The paintings of Luey Graves speak to how we have inherited artistic touchstones and incorporated them within the physical and quotidian. Graves’ mute palettes are an abstract background for objects that float, unanchored within a landscape of shifting images. Within each frame is the story of an object, appropriated by the context of display, alongside a feminised domesticity of production and consumption. She has imposed visceral interactions between hands preparing food and details of objects that signify the physicality of human relationships. Fertility symbols, the idealized female form, the male as warrior or holy icon, the paintings are an examination of sensuality.
Placed alongside one another, Graves and McGinn communicate across a technological divide. Graves signals to the shifting screen image where all of history and culture is immediately available and simultaneously absent, while McGinn’s representational paintings depict the very human way in which we interact with the images that surround us every day.

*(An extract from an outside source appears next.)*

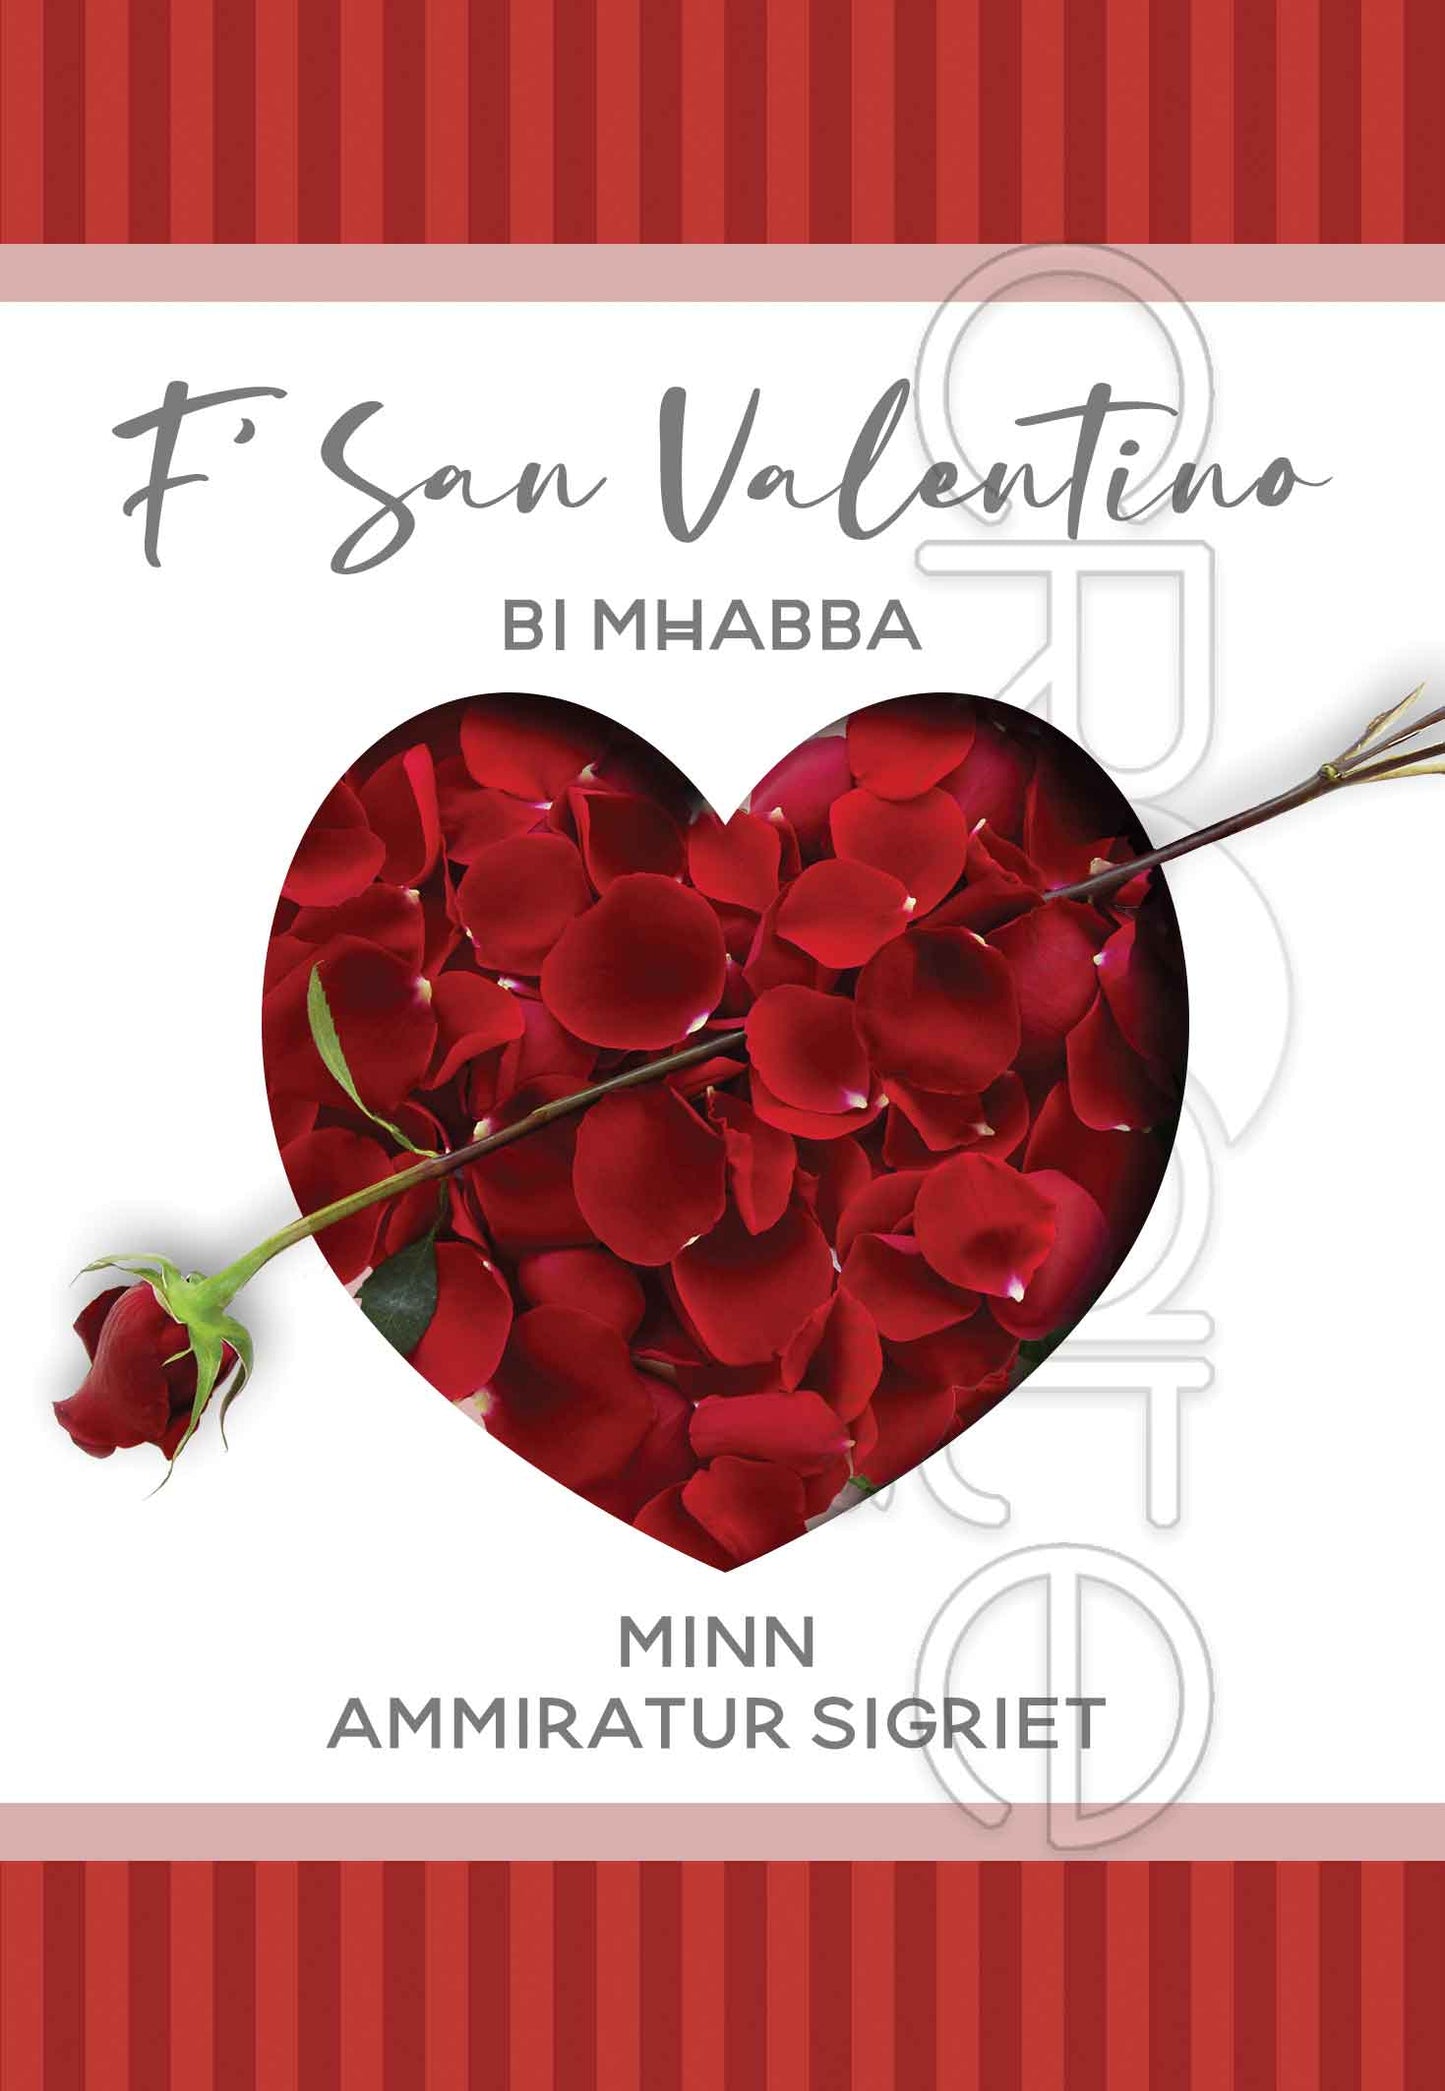 Kartolina għal San Valentino minn ammiratur sigriet

Sitting apart and distinct within the gallery is the ‘Stiff Peaks’ series by Mark Corfield-Moore. His works recreate architectural detailing characteristic of historical art movements, subverting and altering them through the layering of anachronistic materials. His photographs display the temporally unstable textures of sugar icing, simultaneously armouring and feminizing the solid marble busts. Though their faces are unrecognizable, their exposed marble bases reference the monumental and decadent. Corfield-Moore’s layered images question hierarchies of culture and the ethics of the reproduced image. By covering the details of the sculptures, which were in themselves found and reproduced images, from the beginning they occupy a position of absence and lack.
The work of these three ambitious contemporary artists represents both a return to ideas of what the original image might be, and welcomes new technologies and ways of interacting with an image or text. By the appropriating art history’s images, metaphors, symbols and archetypes, the works of The Original Image blur the boundaries between the original artwork and its many representations.